Ее нежный висок, лицо в профиль с глазом, затененным ресницами, склонилось над плечом, я слышал ее дыхание. За головой Ольги, как на медали, очерчивались прямые, высоколобые профили бородатых мужиков, сухощекие, усатые, со вздернутыми по-казацки бровями. И каждая голова, в которой была своя дума, свое рассуждение, свой суд, была обращена в сторону, откуда текла русская речь — желанное, долгожданное разъяснение, назидание, — речь, снова притягивающая эту плотную многоголовую толпу к потерянной, но возвращенной отчизне.

Ящик, уже невидимый в темноте, как бы заговаривался от утомления, сбивался, хрипел, вдруг уступая человеческие голоса каким-то пронзительным шумам — быть может, все тем же упорным ветрам, носящимся над городком, и опять с полуслова вел дальше разговор с толпою, в которой были и лавочники, и еврей-аптекарь, и краснофлотцы, и учитель, и мальчики, прижавшиеся к волшебному ящику. И когда среди длительного этого соединения с толпой Ольга вдруг отняла руку, было у меня такое чувство, будто опять, проснувшись, я не знаю, где нахожусь.

— Позвольте, я уж пойду, ведь отец не обедал…

А я, как на церковной службе, когда нельзя уходить раньше, чем тронутся взрослые, я простоял вместе со всеми до шумов, донесшихся с Красной площади, до последнего звука «Интернационала», вдогонку которому опять прозвонил на колокольне колокол, тронутый ветром.

После этого люди разошлись с почтительностью и верой, хотя и не было сказано об утреннем суде в Вилкове или о выходе рыбаков в море.

В темноте я не без труда нашел дом Стороженко.

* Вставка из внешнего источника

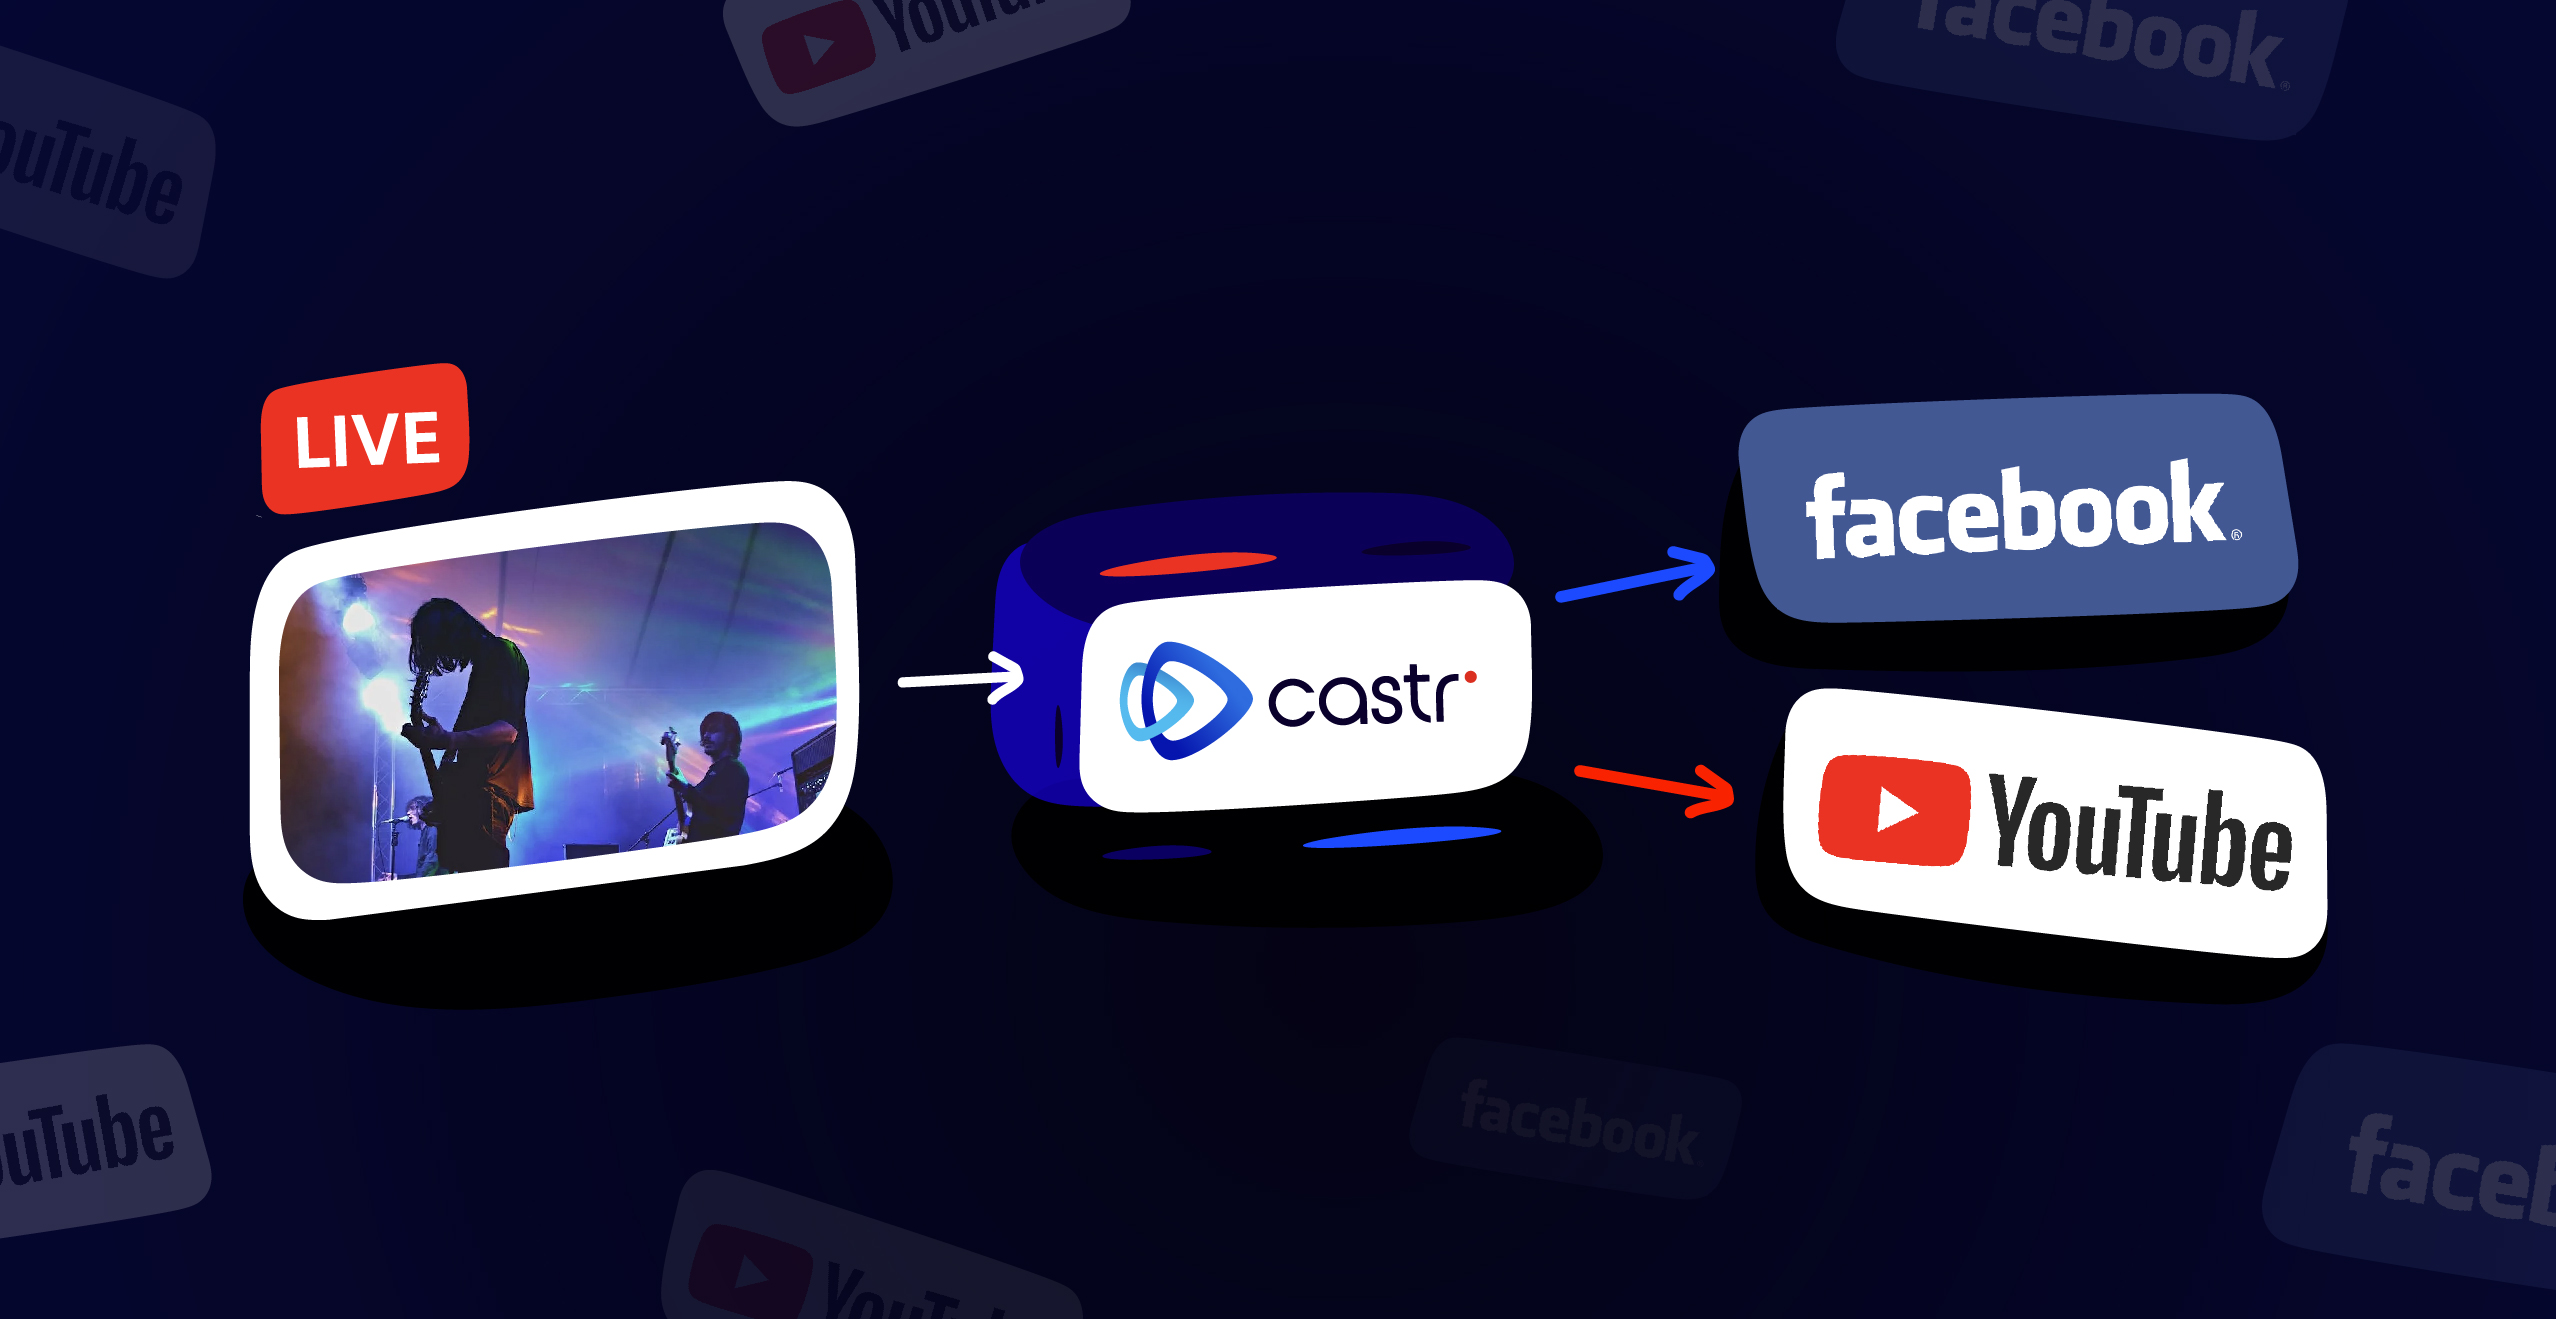 How to stream to Facebook and Youtube at the same time?

Приостановился, заслышав возбужденные женские голоса.

— Постыдились бы на люди показываться! — восклицала женщина, должно быть, оттуда, со двора Прахова. — Тебе перед иконой стоять, а не радио слушать, анчутка. Тебе бы свой двор подместь, а не по чужим дворам разбойничать. Брат приедет, а у вас бредень и тот не зачинен. У тебя куры и те плешивые…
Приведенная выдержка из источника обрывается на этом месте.